This contains info on correlator setup - number of channels per IF, message sizes etc. This is placed in a separate table to the common settings so that you can have different setups for different sources - ie high frequency resolution for a target maser and low frequency resolution for your continuum phase reference source. It also allows you to turn pulsar binning on for specific sources.
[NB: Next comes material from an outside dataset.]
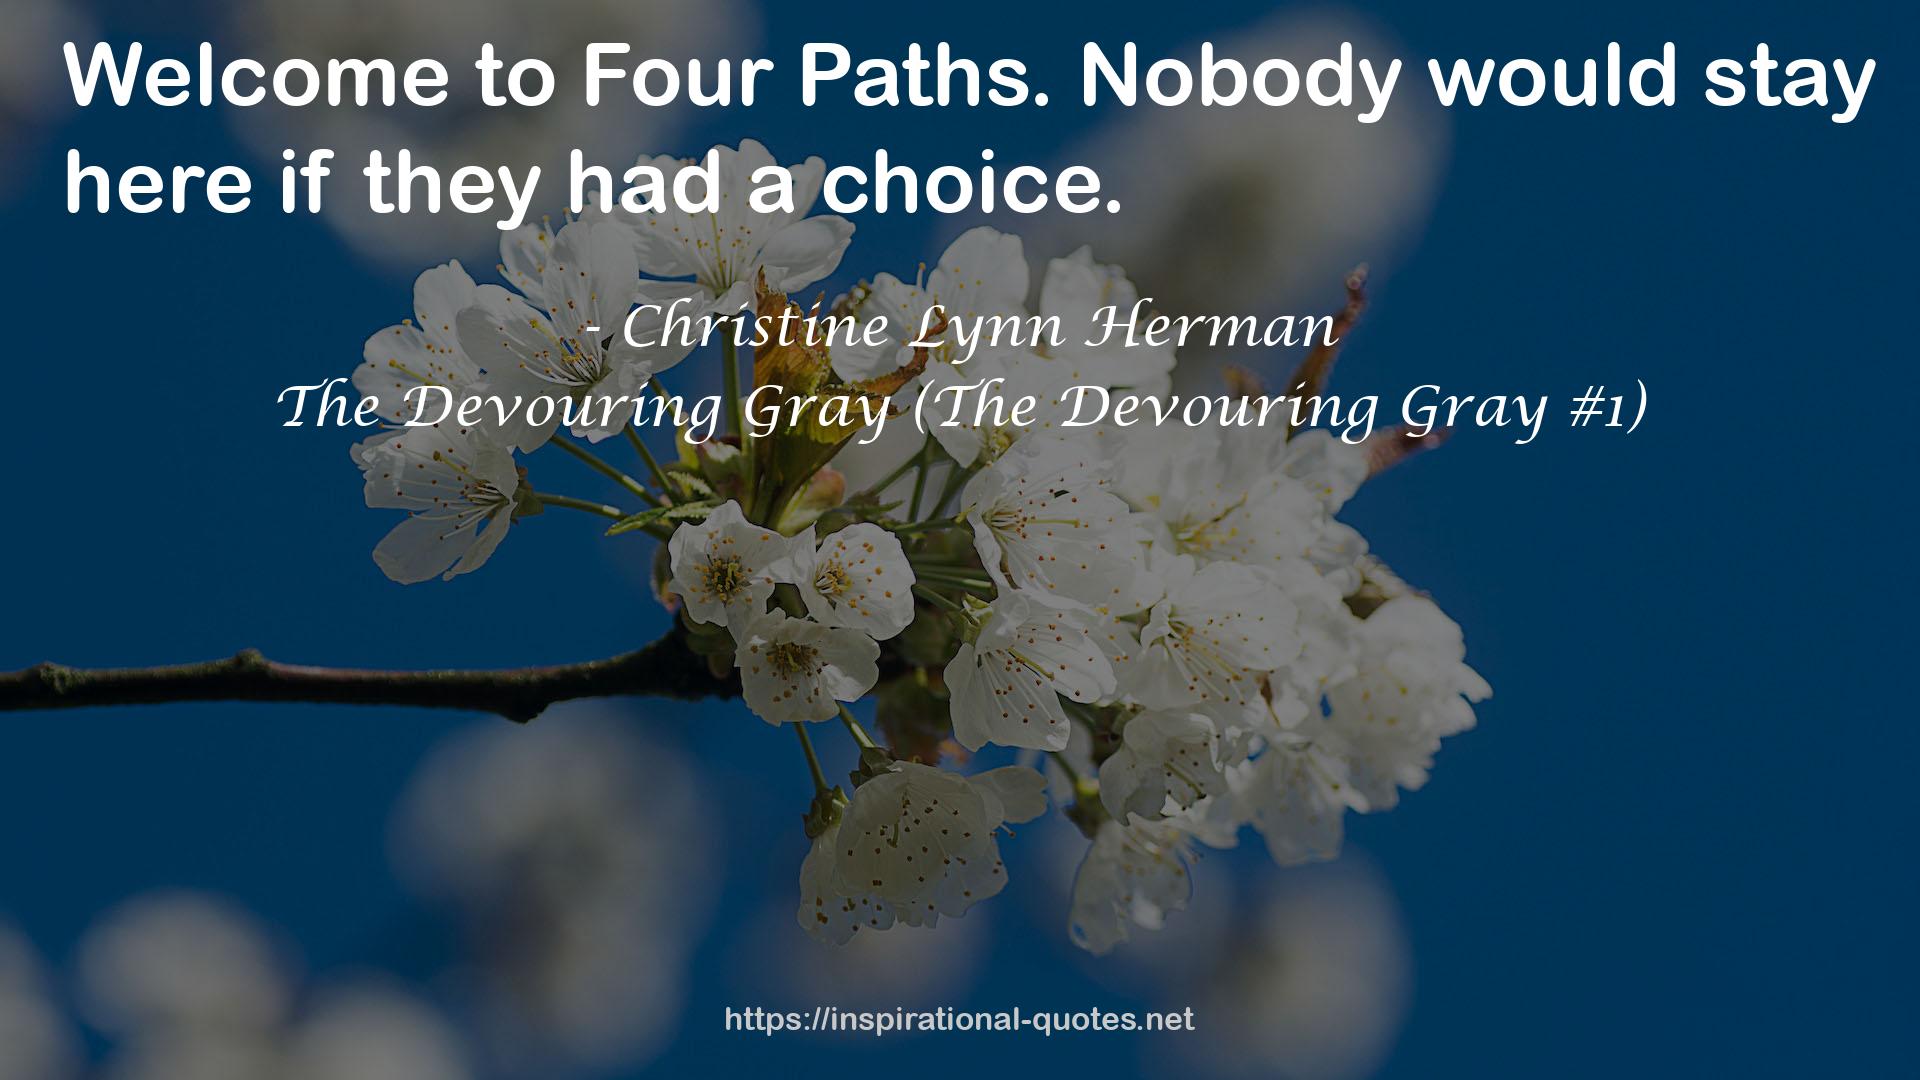 The Devouring Gray (The Devouring Gray #1) QUOTES

The first line just informs us how many configs will follow:
NUM CONFIGURATIONS: 6 So then we get one of the following blocks of information per config - I've shown some typical values:
CONFIG SOURCE: 1604-4441 {The source name}

INT TIME (SEC):     2.0 {Integration time in seconds}
NUM CHANNELS:       64 {Spectral points per subbands}
BLOCKS PER SEND:    1000 {Number of FFT blocks to be processed at a time by a Core}
GUARD BLOCKS:       1 {Extra FFT blocks to tack onto the end of a message}
POST-F FRINGE ROT:  FALSE {Whether to do fringe-rotation using a constant approximation across an FFT length}
QUAD DELAY INTERP:  TRUE {Whether to do fringe-rotation using a quadratic approximation across an FFT length}
WRITE AUTOCORRS:    TRUE {Whether to write autocorrelations to disk}
PULSAR BINNING:     FALSE {Does this source need pulsar binning?}
DATASTREAM 0 INDEX: 0 {Refers to the Datastream table, explained below}
DATASTREAM 1 INDEX: 1 {There are 5 since we specified 5 Datastreams in the Common Settings}
DATASTREAM 2 INDEX: 2 
DATASTREAM 3 INDEX: 3
DATASTREAM 4 INDEX: 4
BASELINE 0 INDEX:   0 {Refers to the Baseline table, explained below}
BASELINE 1 INDEX:   1 {There are 10 since we specified 10 Baselines in the Common Settings}
BASELINE 2 INDEX:   2
BASELINE 3 INDEX:   3
BASELINE 4 INDEX:   4
BASELINE 5 INDEX:   5
BASELINE 6 INDEX:   6
BASELINE 7 INDEX:   7
BASELINE 8 INDEX:   8
BASELINE 9 INDEX:   9

Usually, at least one of the config sources will be DEFAULT. This is the config used for any source without an individual specification. If no DEFAULT config is specified, then sources which do not appear in the CONFIG table are skipped over and not correlated.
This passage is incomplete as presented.